The idea that milling media has to be large enough to smash the charcoal is just plain wrong. That's right, I said it. WRONG! The opposite (small media that 'rubs' the charcoal into submission) works way better. Don't debate it. Don't quote gurus. Try it- please!

 

To further prove my point- reported elsewhere earlier- I did another experiment last week. I found that a modified toy rock tumbler (75RPM) can mill willow charcoal well enough at -40 mesh starting size to make screen-mixed BP that kicks Goex in the ass. So, I took +12 mesh charcoal from the same master batch, and repeated the experiment. I milled 50 grams of it for 6 hours in the same jar with the same 5/16" dia. S.S. media at the same speed. Again I screen-mixed a batch, pucked and corned it to 2FA size, and re-tested. I used the same baseball flight time method as I have used for a lot of tests lately. This test uses 10 grams (.4oz) of powder in a lift cup, and a standard baseball.

 

The difference in flight time between a starting particle size of -40 mesh, and 10-12 mesh was 1/10 second. That's right. You can mill coarse charcoal with a toy and make excellent black powder without milling black powder. -40 mesh gave a 9.9 second flight. 10-12 mesh gave 9.8. You can believe old generalized statements or you can believe test results that can be repeated.
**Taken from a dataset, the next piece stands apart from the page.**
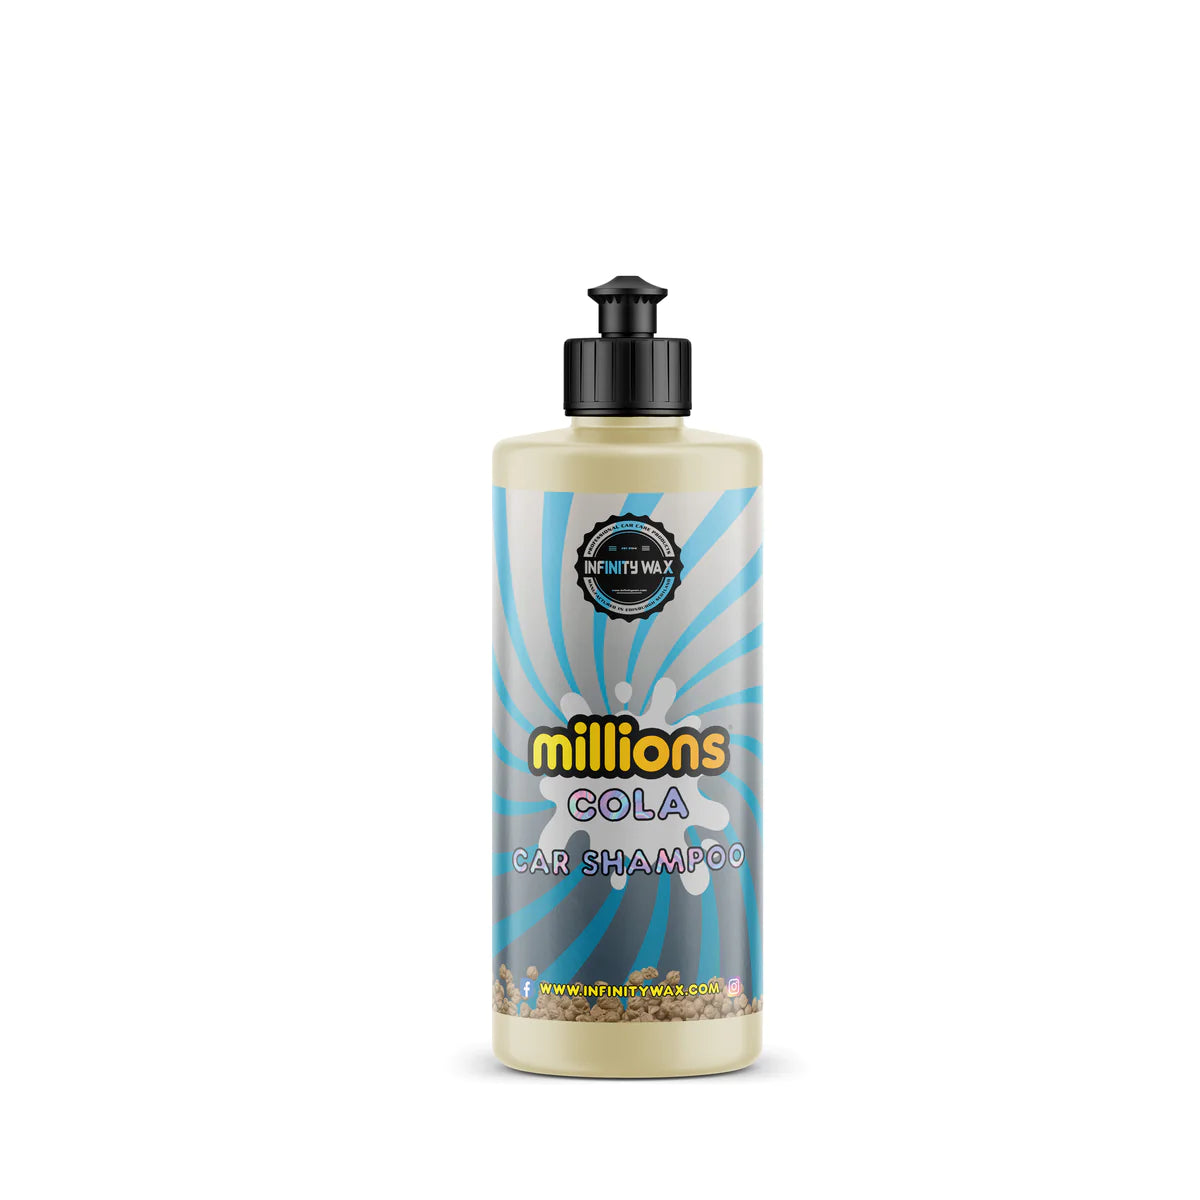 Infinity Wax Millions Cola Car Shampoo 500ml

OR you can believe neither, and find out what's what yourself.

 

I suggest that there is a lot more yet to be learned about milling black powder. While many have stopped experimenting long ago, I continue to try new things. I like to learn. I set out 2 years ago with the goal of eliminating the need to mill complete black powder. That has been achieved. I will continue testing until the "Yeah buts" are also eliminated. That could take a bit longer:) Please excuse my cockiness. It is not borne of arrogance. I have simply learned that to get anybody to even listen nowadays requires not just proof- it requires 'big talk'. And if any guru wants to show their work and debate anything I've said- I'm game.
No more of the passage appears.